Na situação fática, a consumidora foi induzida a erro por terceiros após um contato externo e a simulação de um ambiente virtual. De posse do boleto falso, a cliente compareceu a uma agência física e fez o pagamento presencial diretamente na boca do caixa, sob a supervisão de um empregado do banco, visando justamente garantir a segurança da operação.
O atendente, porém, não conferiu a correspondência entre os dados do título impresso e aqueles utilizados para a destinação dos valores, o que permitiu que o montante fosse transferido para a conta de um beneficiário diverso do indicado no documento. Diante do prejuízo, a autora ajuizou ação na Justiça requerendo a devolução do dinheiro e o pagamento de indenização por danos morais.
Em primeira instância, o juízo de origem julgou a demanda improcedente por considerar que a fraude de terceiros afastaria a responsabilidade do banco e que inexistia defeito na prestação do serviço.
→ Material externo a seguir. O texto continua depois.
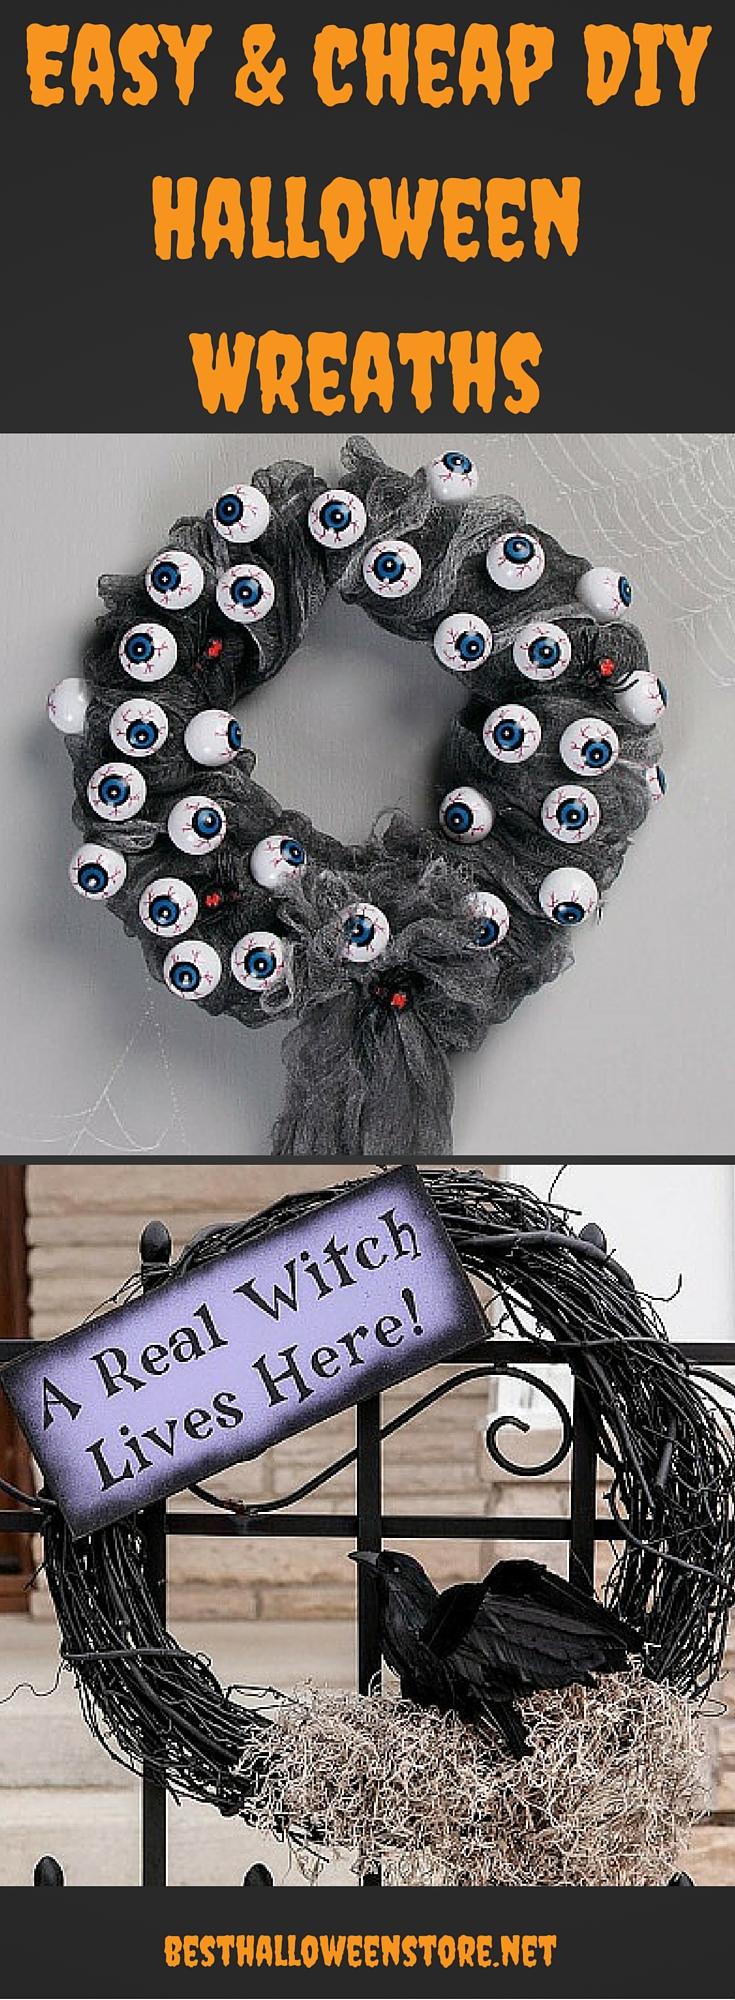 Easy and Cheap DIY Halloween Wreaths

A consumidora, então, recorreu com o argumento de que a conferência de dados em atendimento pessoal é obrigação inerente à atividade econômica da instituição.
Dever inafastável
A juíza convocada Maira Salete Meneghetti, relatora do caso, avaliou que a atuação do banco não se limitou à intermediação automática, visto que houve atendimento humanizado. Ela considerou que o banco tem a capacidade técnica de identificar inconsistências entre o título apresentado e o favorecido final antes de concluir a transação. “Trata-se de cautela inerente à própria atividade bancária, cuja inobservância caracteriza defeito na prestação do serviço”, afirmou.
Segundo concluiu o acórdão, a conduta omissiva do preposto do banco recebedor contribuiu diretamente para o resultado danoso, impedindo o reconhecimento de culpa exclusiva da vítima ou de terceiro.
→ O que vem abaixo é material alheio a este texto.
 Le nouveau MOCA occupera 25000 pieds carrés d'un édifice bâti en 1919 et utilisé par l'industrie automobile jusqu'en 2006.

“Incumbe, portanto, ao banco recebedor conferir a correspondência entre os dados do título apresentado e aqueles efetivamente utilizados para a destinação dos valores, em especial quanto à identidade do beneficiário”, destacou a relatora.
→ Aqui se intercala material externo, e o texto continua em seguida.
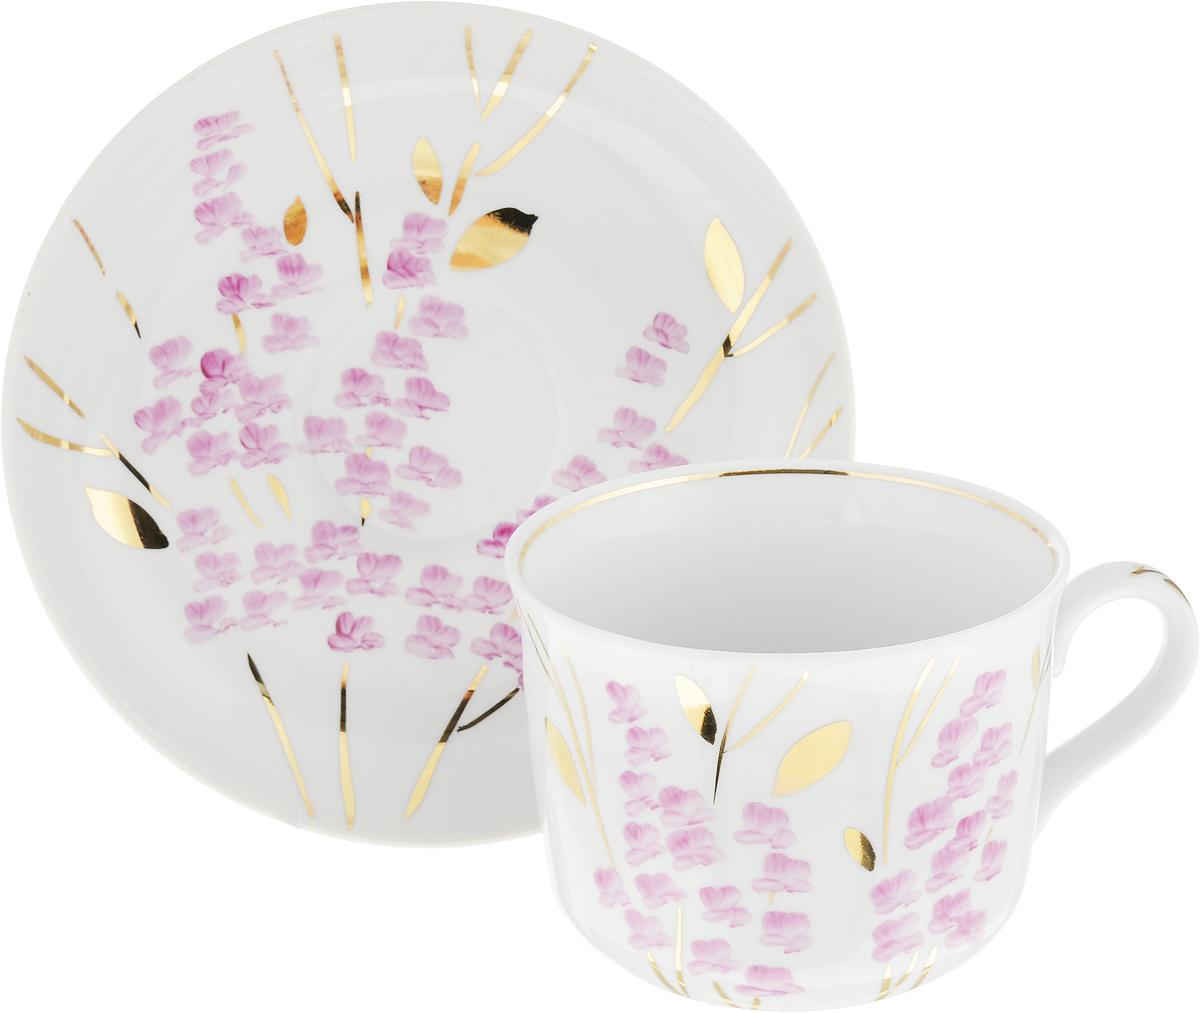 Чайная пара Дулевский Фарфор Ностальгия. Розовая ветка, 2 предмета. 075442075442Чай будет еще вкуснее, если пить его из изящной фарфоровой чашки, чья красота подчеркнута блюдцем в том же стиле. Чайная пара - с нежным цветочным рисунком на белом фоне - должна отличаться не только привлекательным внешним видом, но и практичностью. Вы можете пользоваться ею дома или на работе, позволяя себе немного расслабиться и освежить мысли.Дулевский фарфоровый завод - одно из самых крупных российских предприятий по производству русского фарфора, акцент в котором делается на самобытной русской росписи, народном творчестве, национальные особенности и традиции, в результате чего родился неповторимый дулевский стиль. Фарфор отличается благородной простотой, добротностью и высоким качеством.Украсьте вашу кухню чашкой с блюдцем от Дулевского фарфорового завода! И ваше рядовое чаепитие, либо обыкновенный обед превратятся в приятную церемонию, которую захочется повторить снова и снова.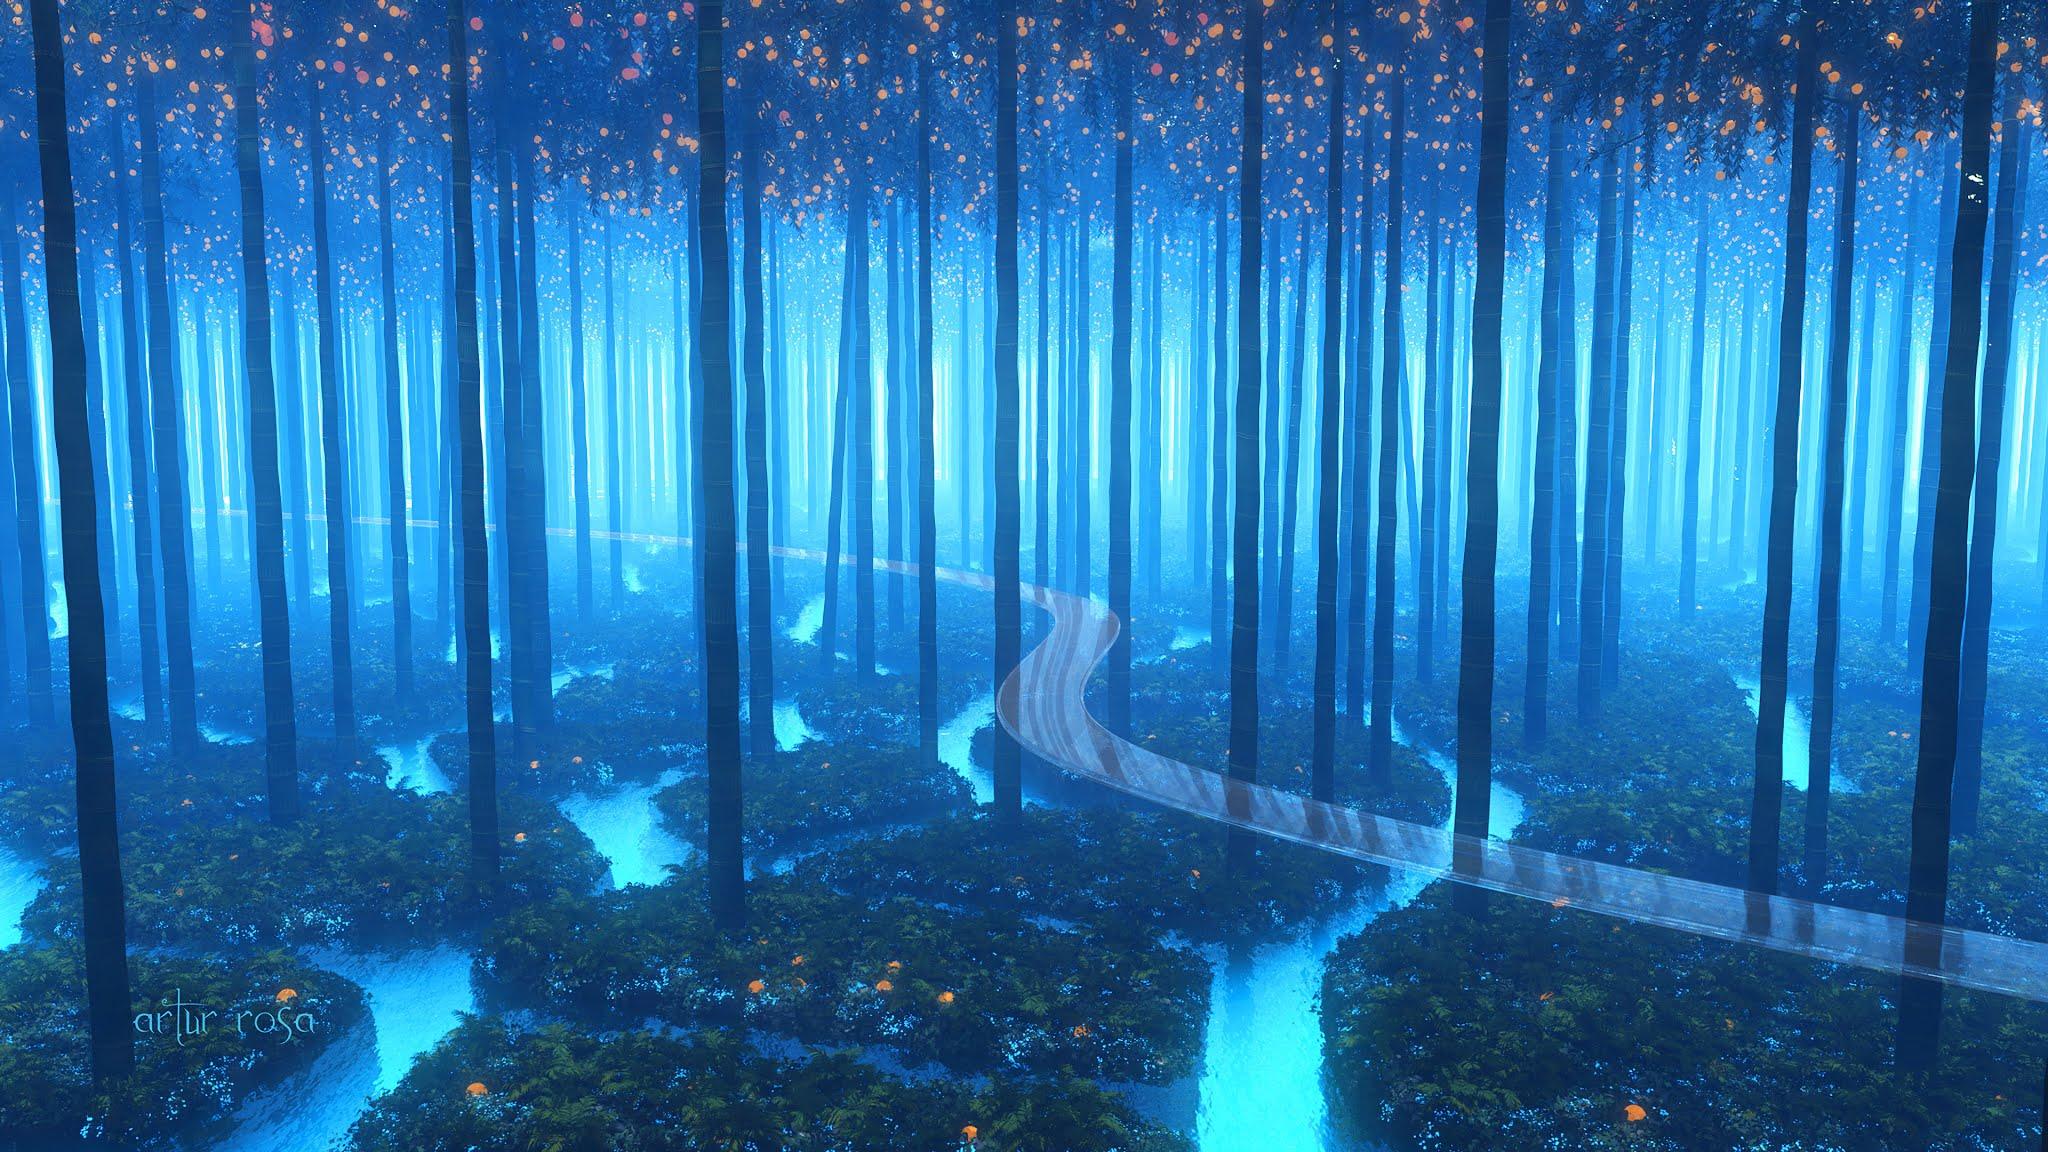 Forest Anime Landscape 4k

Por outro lado, o tribunal rejeitou o pedido de indenização por danos morais. Os julgadores entenderam que, embora a situação tenha provocado aborrecimentos, o dano ficou restrito ao campo patrimonial.
“O prejuízo demonstrado limita-se à esfera patrimonial, sendo insuficiente, per se, para ensejar compensação extrapatrimonial, razão pela qual o pedido correspondente deve ser rejeitado”, concluiu. Com informações da assessoria de imprensa do TJ-SC.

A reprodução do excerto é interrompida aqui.